Its been my experience that weeknight visits dont really require a VIP pass. Unless you get an added bonus of some sort. Weekends at popular haunts VIP is a must unless you want to wait hours but weeknights should be ok with a normal pass.


----------



## Pumpkin215 (Jul 31, 2013)

Hello! I live in PA and have been to Bates several times.

Awesome haunt. I recommend that and Shocktoberfest as 2 of the best around. I used to work at a PA haunt and have been to a lot of them in this area.

I've been there on a weeknight and it is not too bad. Obviously the closer you get to Halloween, the busier they are going to get. They will most likely have to wait a bit on a weeknight but we are not talking hours. My suggestion is, buy the regular tickets and if they see the place is mobbed then they can upgrade if they want. Most of the time the extra cost is worth it.
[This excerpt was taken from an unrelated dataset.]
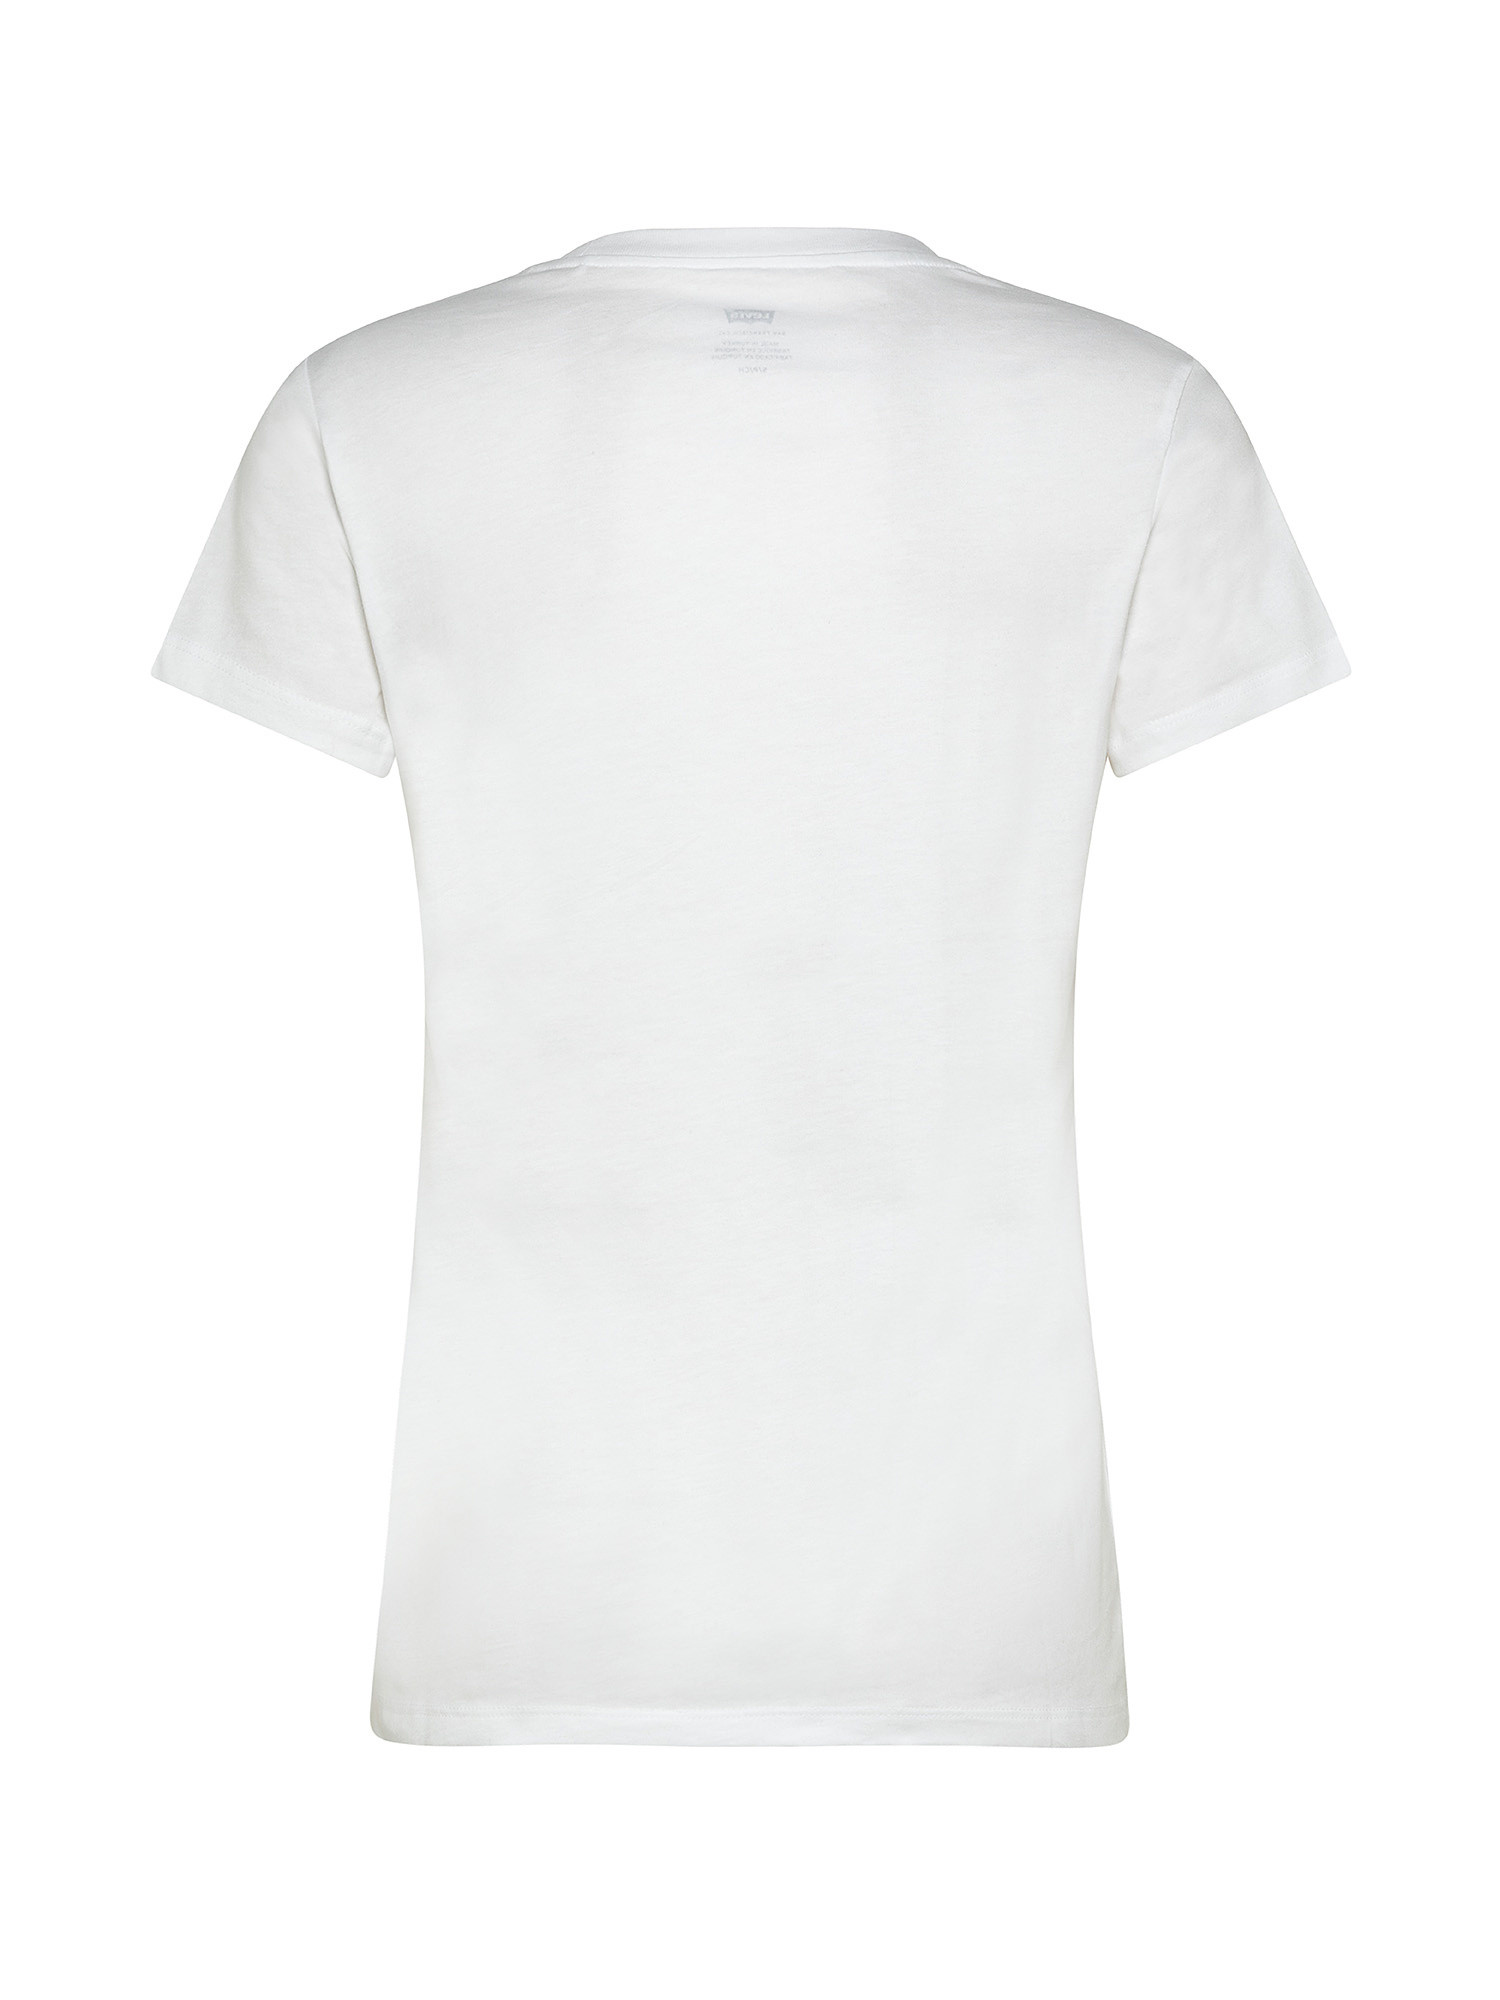  Perfect Tee logo t-shirt, White, large image number 1

Hubby and I went one night and it ended up being school-bus night. Also, if you know what date you are going then call and ask if they have any large groups scheduled that evening. 

Have fun!


----------



## Paul Melniczek (Jun 5, 2009)

We were at Bates last night and have been to Shocktoberfest. Bates is a really cool place with a lot of effects. We always go during the week and it hasn't been bad. The weekends will be mobbed if it's nice weather. Our son is also in the reserves now so we go on the night for military discounts.


----------